# Hard freeze and won't boot for several minues afterwords

## Jenden

Given the lack of details I have to give I don't hold out much hope that anyone can help, but hopefully someone can at least point me in the right direction for how to troubleshoot the issue...

here's the behavior I'm seeing:

When running a certain application in Wine (Mass Effect) my system will occasionally experience a hard freeze (note it only happens when running this application).  Generally first the game will crash, then I've got about 30-60 seconds in at the desktop before X stops responding, at which point I'm in a hard freeze.  Trying to switch to a virtual terminal with ctrl+alt+F1 just hangs the keyboard up (before I try that the numlock light will go on and off if the button is pressed, but afterwords the light stops responding).  I've got the alt-sysrq hotkey set up and have tried alt+sysrq+r to get my keyboard back and switch over to a vterm, but no luck.  I've also tried to do alt+sysrq+c (I've got kexec compiled in) to at least get a crash report, but that fails as well.  alt+sysrq+b does succeed in rebooting the system.  One thing to note is that one the few times I've been able to get off a couple console commands on an open xterm before X freezes on me it looks like the windows app ('Mass Effect.exe') is still running but is stuck in uninterpretable sleep.  I have no idea what its waiting on though.

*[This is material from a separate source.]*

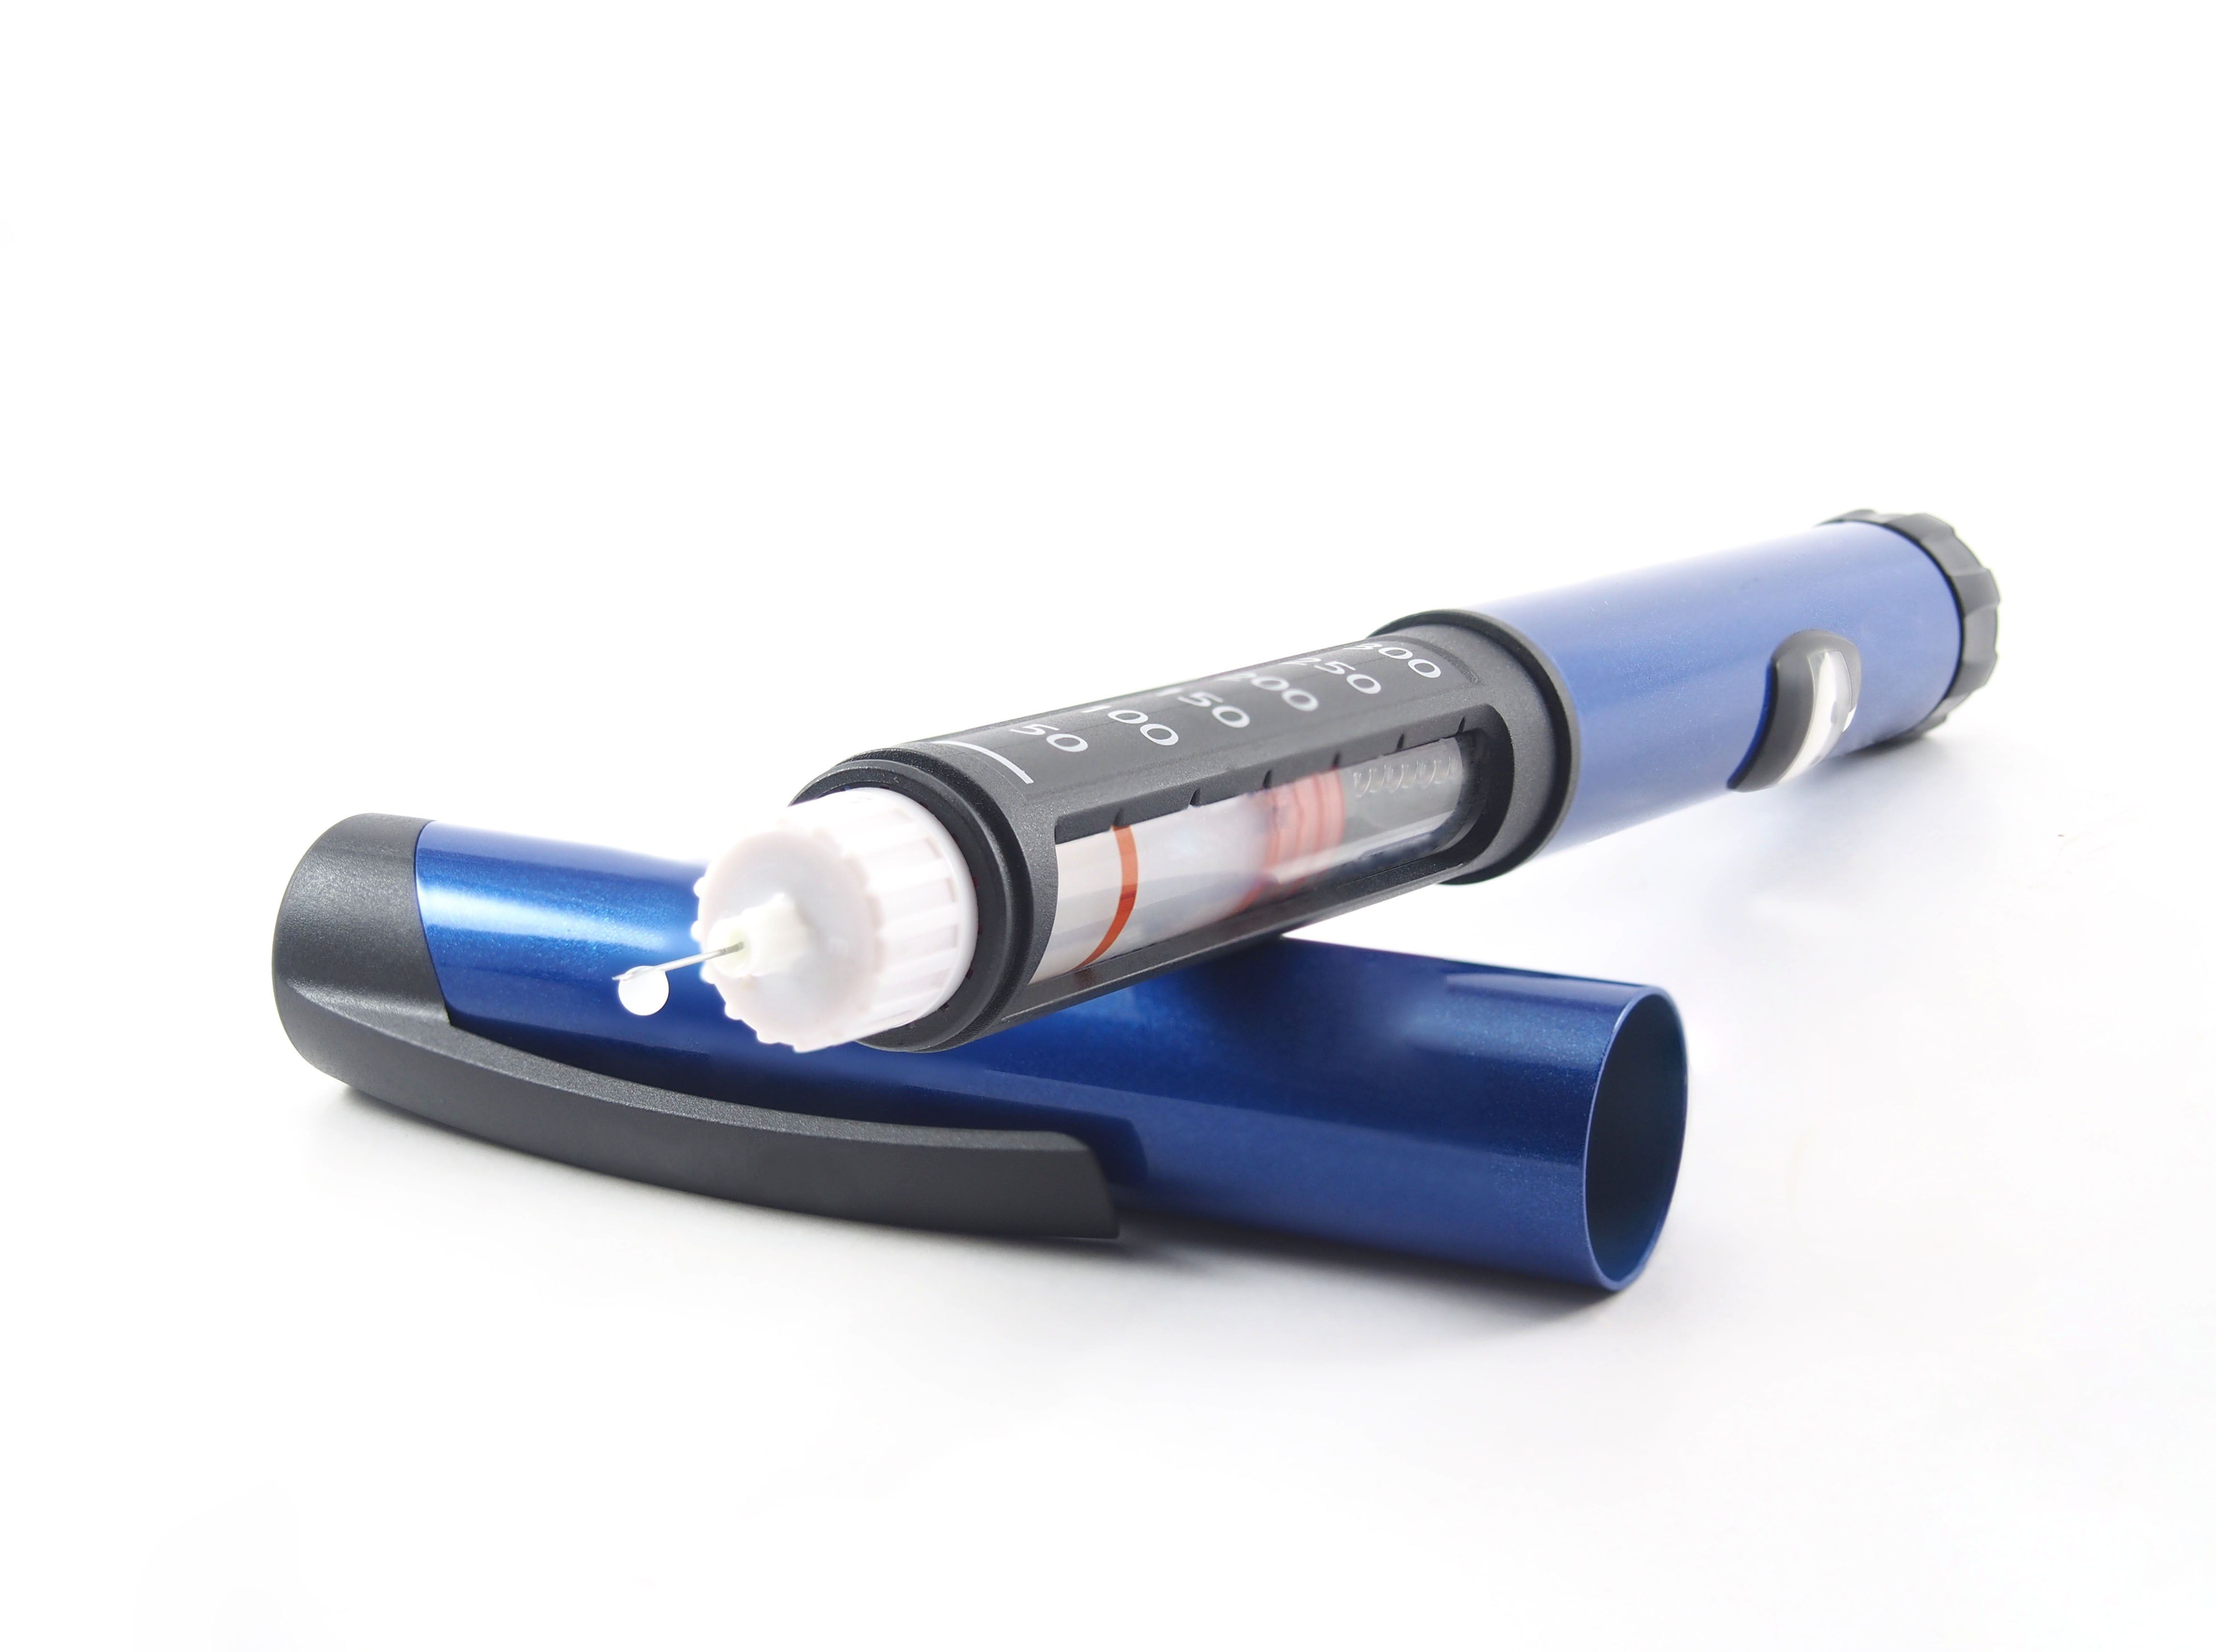 Injector Pens | Medical Applications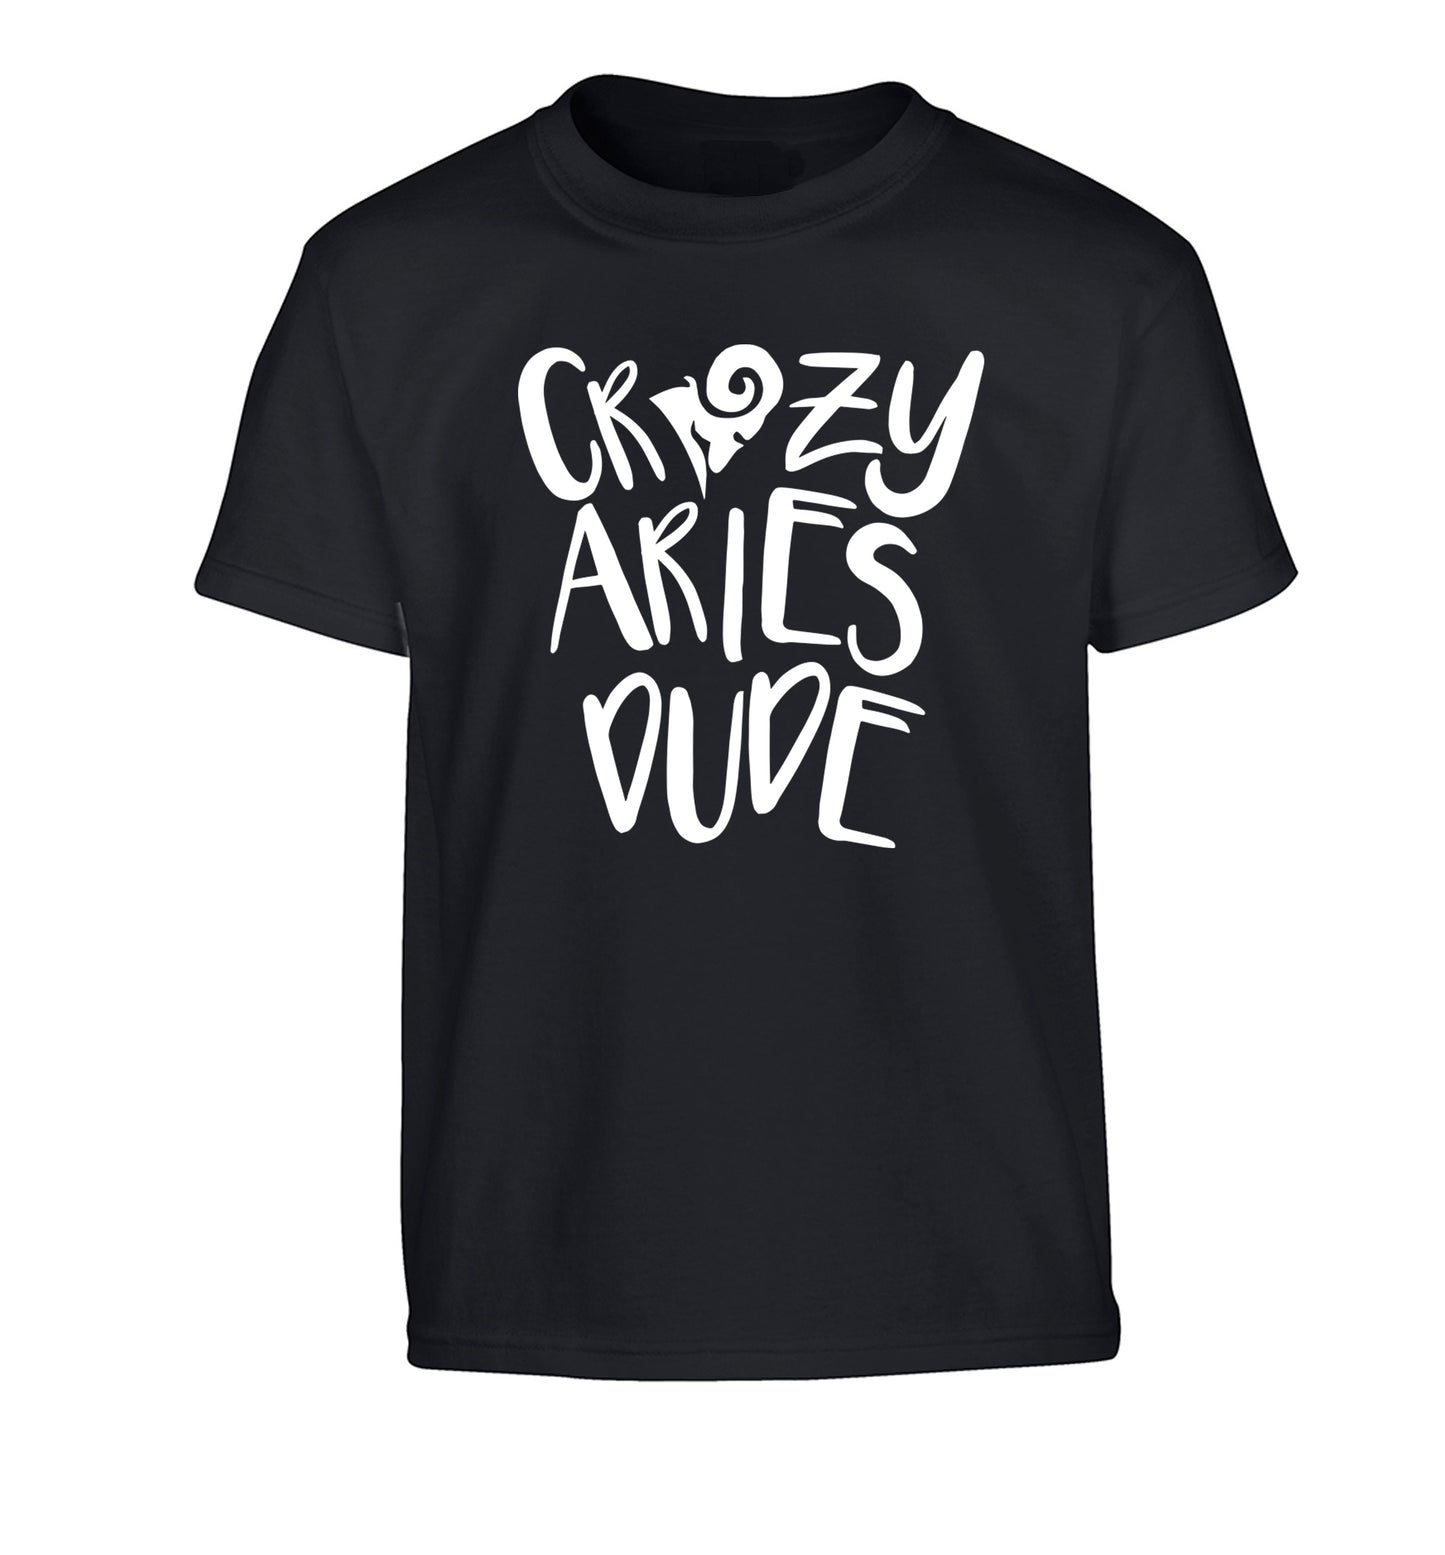 Crazy aries dude Children's black Tshirt 12-13 Years

However, once the system reboots it hangs before POST (after it has identified the processor but before it checks RAM/Disks).  So far I've been able to get it working again by shutting off power (hard switch on the power supply) and letting it sit for 5-10 minutes then trying again.

I have no idea what's going on really... If I were to take a guess I'd say it sounds like a bug in wine is exposing a bug in the kernel which is exposing a bug in the BIOS/hardware, but I'm a bit out of my league here.

I've tried running memtest and fsck, both came up clean.  I also tried removing each of my two memory sticks individually (this was while the system was in a non-booting state), but that seemed to have no effect.

Anyone have any suggestions for how to troubleshoot this thing?

System specs:

Motherboard: ASUS M2N-SLI Deluxe

Processor: AMD athlon 64 X2 6400+

2GB RAM (2x1GB)

Kernel: gentoo-sources-2.6.29-r1 (same issue on 2.6.29)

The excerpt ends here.